Begins with the following introduction: "Senchus genealach gabháltas uasal Éreann agus Albansgot go ccraobhsgaoileadh a ccineadhach ó créudthós na n-aimsior n-aicsidhe gus aniú (mar ghebh mid / The history of the genealogies of the invasions of the nobles of Ireland and of the Scots of Alba with the genealogical branchings of their races from the beginning of visible times until today, as we find, according to the order". Mac Fhirbhisigh draws upon a recension of Lebor Gabála Érenn (The Book of the Taking of Ireland) by Mícheál Ó Cléirigh for a summary which deals with the legendary invaders of Ireland from the time of Partholón to Míl Espáine. Following this, Mac Fhirbhisigh begins the book proper, with the genealogies of Síol Éreamhóin (Érimón).

===Leabhar I to IV===

This is the first division or 'book' of Leabhar na nGenealach. Titled "Craobhsgaoileadh Cloinne Partholón" (the propagation of the family of Partholón) it describes the ancestry and descendants of Partholón, who was the leader of the second group of people to settle in Ireland. It covers pages 27 to 30 in the autograph of the work. The following divisions cover all the invaders of Ireland up to the Milesians.

===Leabhar V===

Book five comprises some three hundred and fifty pages of the autograph, representing just under half of the total text.

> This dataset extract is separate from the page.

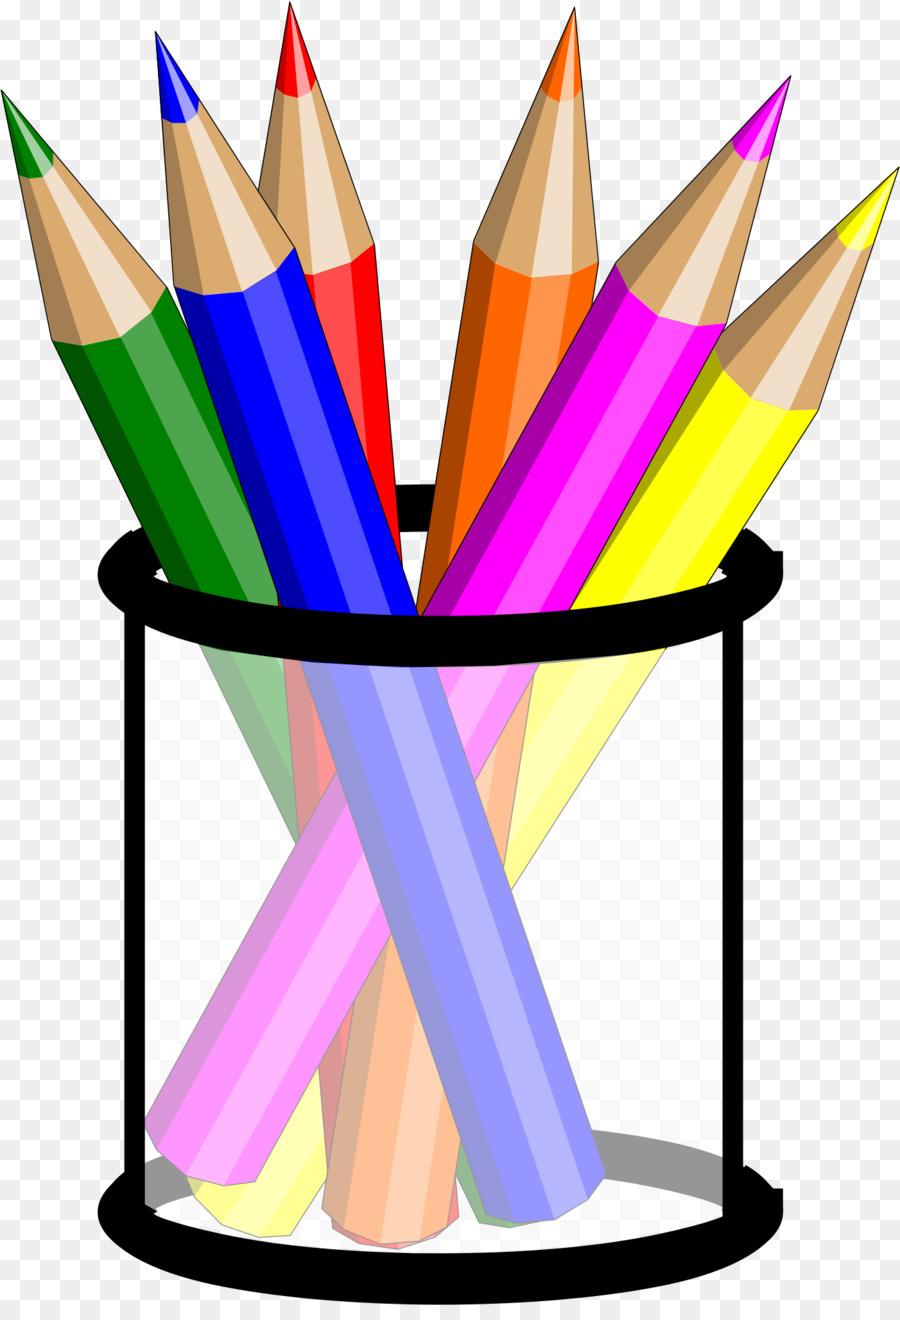 900x1320 Colored Pencil Drawing Clip Art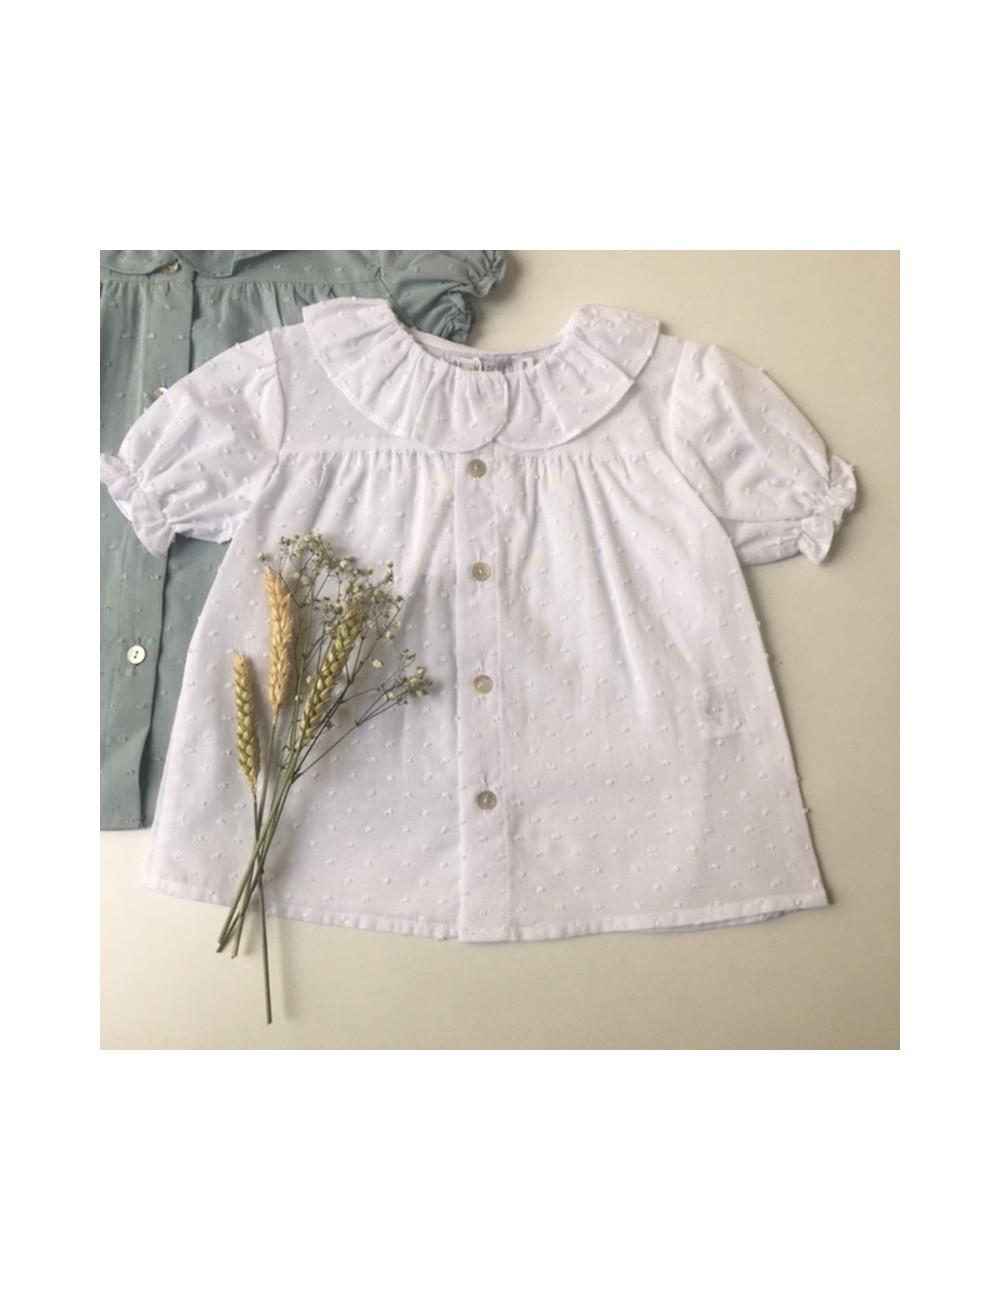 Blusa plumetti blanco cuello de volante de la marca Paloma de la O

It concerns the following groups and dynasties, and their many sub-divisions: Cenél nEógain and Cenél Conaill (Northern Uí Néill); Clann Cholmáin and Síl nÁedo Sláine (Southern Uí Néill); Uí Briúin and Uí Fiachrach (Connachta); Airgíalla (including the Uí Maine, the Déisi and the Dál Riata); the Laigin.

While much of Book Five's information is derived from the Book of Lecan or the Book of Ballymote, Mac Fhirbhisigh added material not found in either of these sources; indeed, much of it is entirely unique to Leabhar na nGenealach. In a small number of cases – Ó Néill and Mac Suibhne – this is due to Mac Fhirbhisigh updating pedigrees to his own lifetime. In the UF tract this applies to the later generations of the Clan MacFhirbhisigh, their pedigree appearing in no later manuscript. The Leabhar Oirghiallach is in many instances very obviously drawn from versions of the Books of Lecan and Ballymote, yet once again there is unique material concerning Clann MacDonnell, a gallowglass family. They derive from a leabhar teagloim, and a Leabhar Balbh Shémus Mec Fhirbhisigh, neither of which now survives. The latter, The Dumb Book of Séamus Mac Fhirbhisigh was written by Mac Fhirbhisigh's great-grandfather, Séamus mac Diarmada Chaoich.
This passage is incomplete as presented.